Share experiences and get support around labour, birth and recovery.

Would you rather be induced or have a cesarean?

59 replies

macdat · 02/03/2016 17:29

I've heard that many women who are induced don't progress fast enough so end up needing a cesarean anyway so you may as well skip the whole induction and go straight for the section.
I've also read that at other times the labour progresses too fast and you go from nothing to full on contractions too quickly and don't have time to build yourself up with the pain.
But obviously, cesarean is a major surgery...
Both seem to have pros and cons.

I always like hearing from people on here because you all tell it like it is.
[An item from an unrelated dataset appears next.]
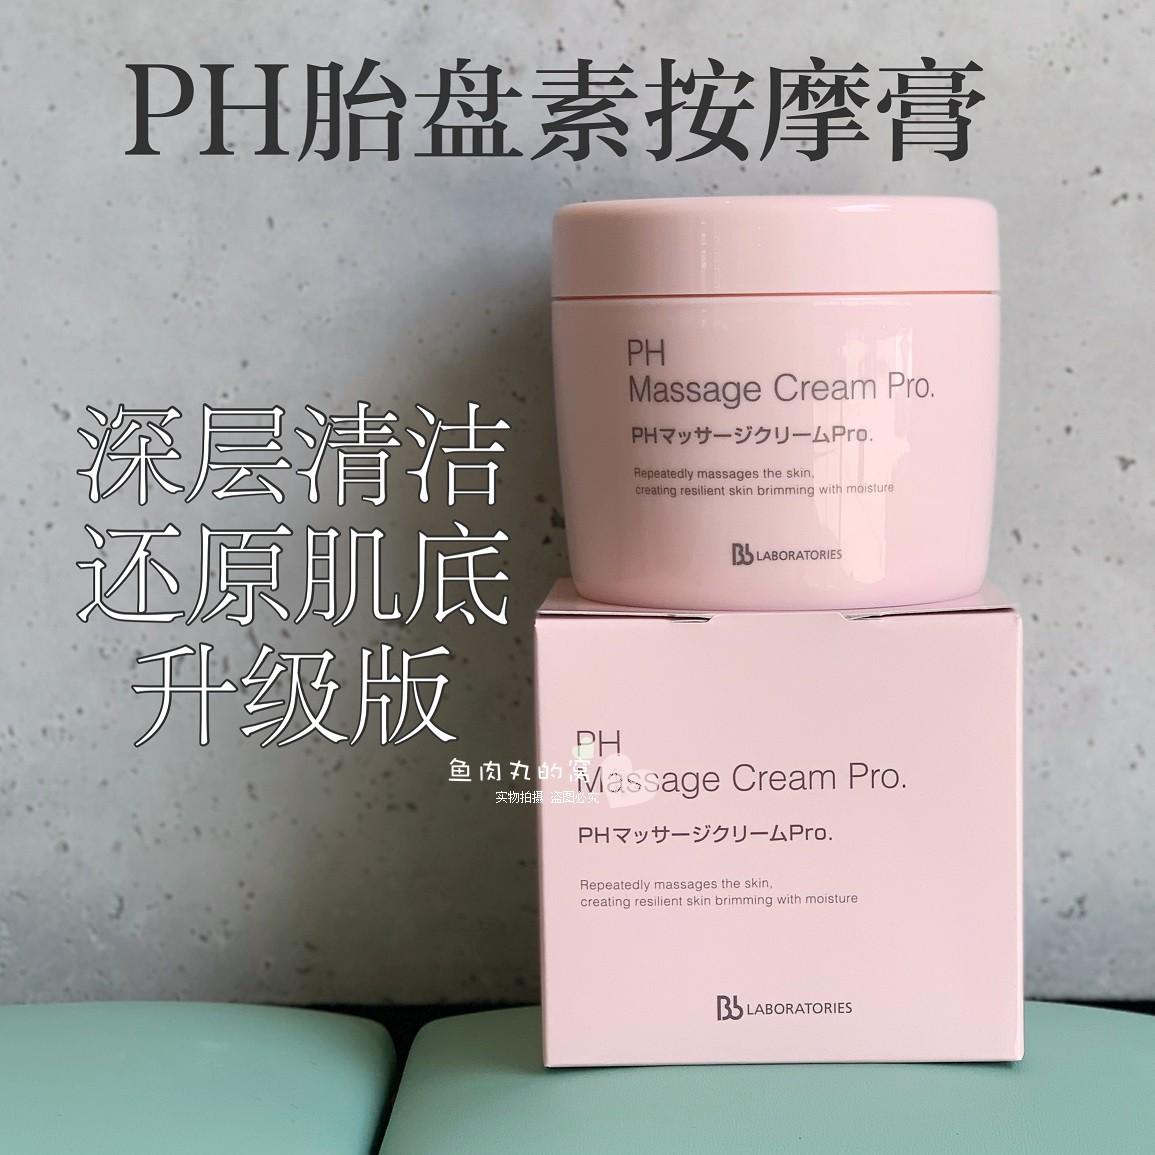 粉罐升级包邮日本BbLaboratories胎盘素ph按摩膏面部补水清洁毛孔
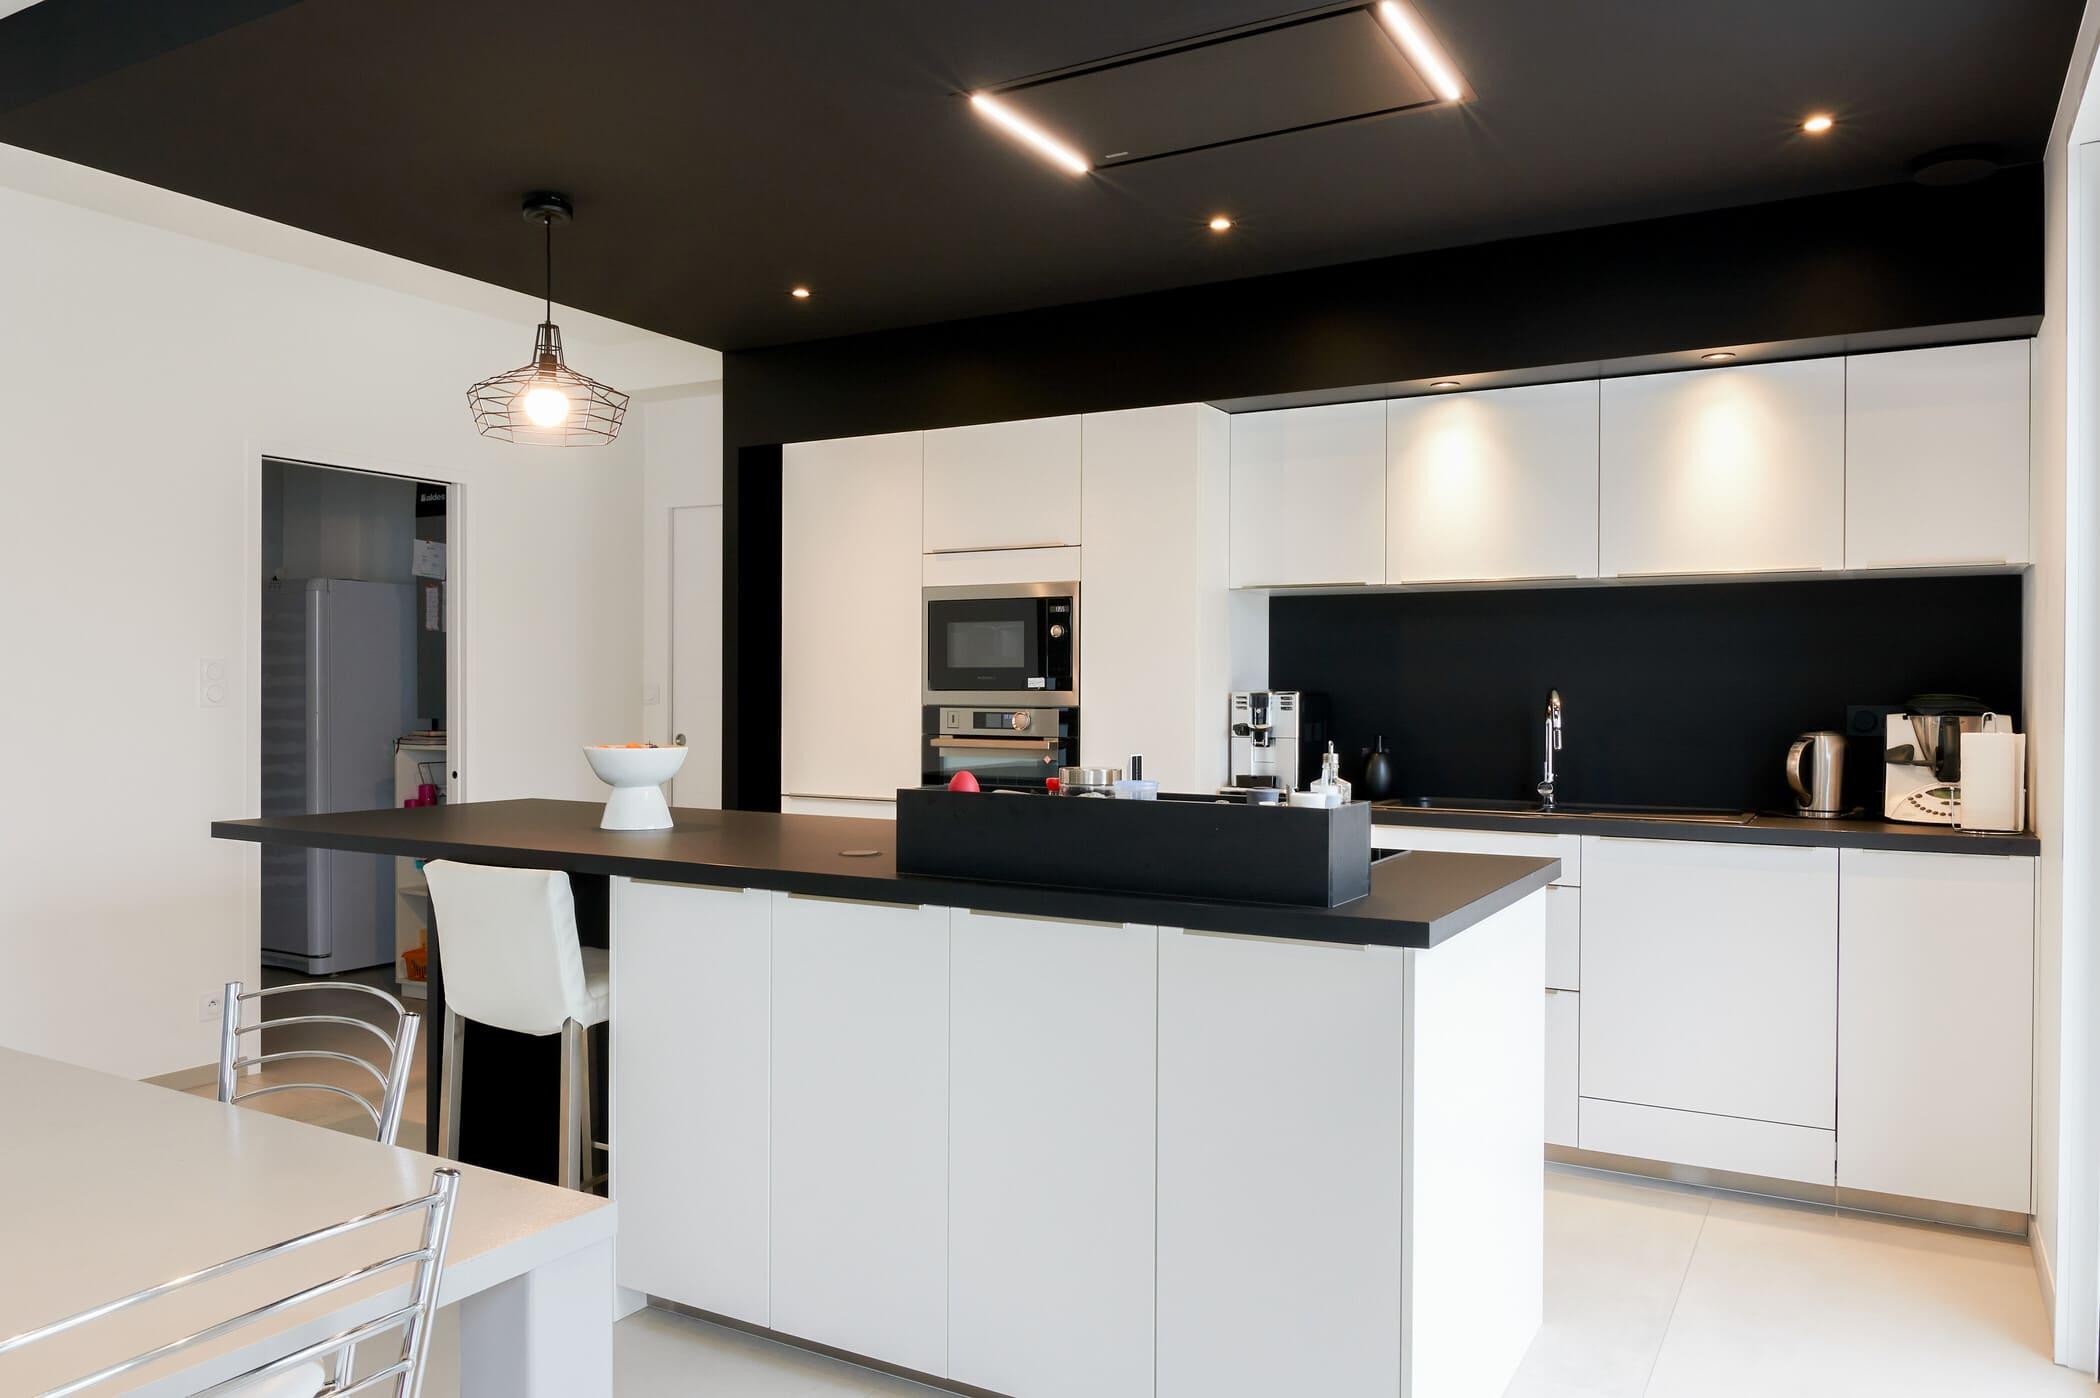 Cuisine ouverte design noire et blanche avec îlot central | Raison Home - 3

It makes it much better for first time mums like myself to make choices. So please give your opinions on this.
My situation right now is- 33 weeks, transverse baby and being told to consider being induced because they think the baby will be quite large if I go to 40 weeks. I've been scared of labour since day one anyway and have even been having nightmares because of it.
If baby doesn't turn I'll have cesarean anyway, but if she does turn, I'm considering asking for a cesarean instead of being induced.

OP posts:
Ludways · 04/03/2016 16:31

Two inductions, two caesareans. First was awful, second was a breeze, even though it was much more of an emergency. I'd try again for a vag birth but I'd say no to induction and just wait.

fourkids · 05/03/2016 18:23

TBH I can't understand why anyone would choose to have a caesarean! I realise lots of people do, and feel that they are getting a better deal, and maybe those who've delivered their babies both ways are in the best place to advise.
All mine were born by emergency caesarean (we did know after the first one that they had to be delivered that way, so they would have been elective, but none of them could wait. Thus I've also managed to be in labour each time - bit unfair really!)
I would never, ever choose to have major surgery. Just that really. Ladies who've had a hysterectomy take it easy for weeks - ladies who've had a caesarean don't get to take it easy at all because they have a new baby to look after as well as recovering from surgery.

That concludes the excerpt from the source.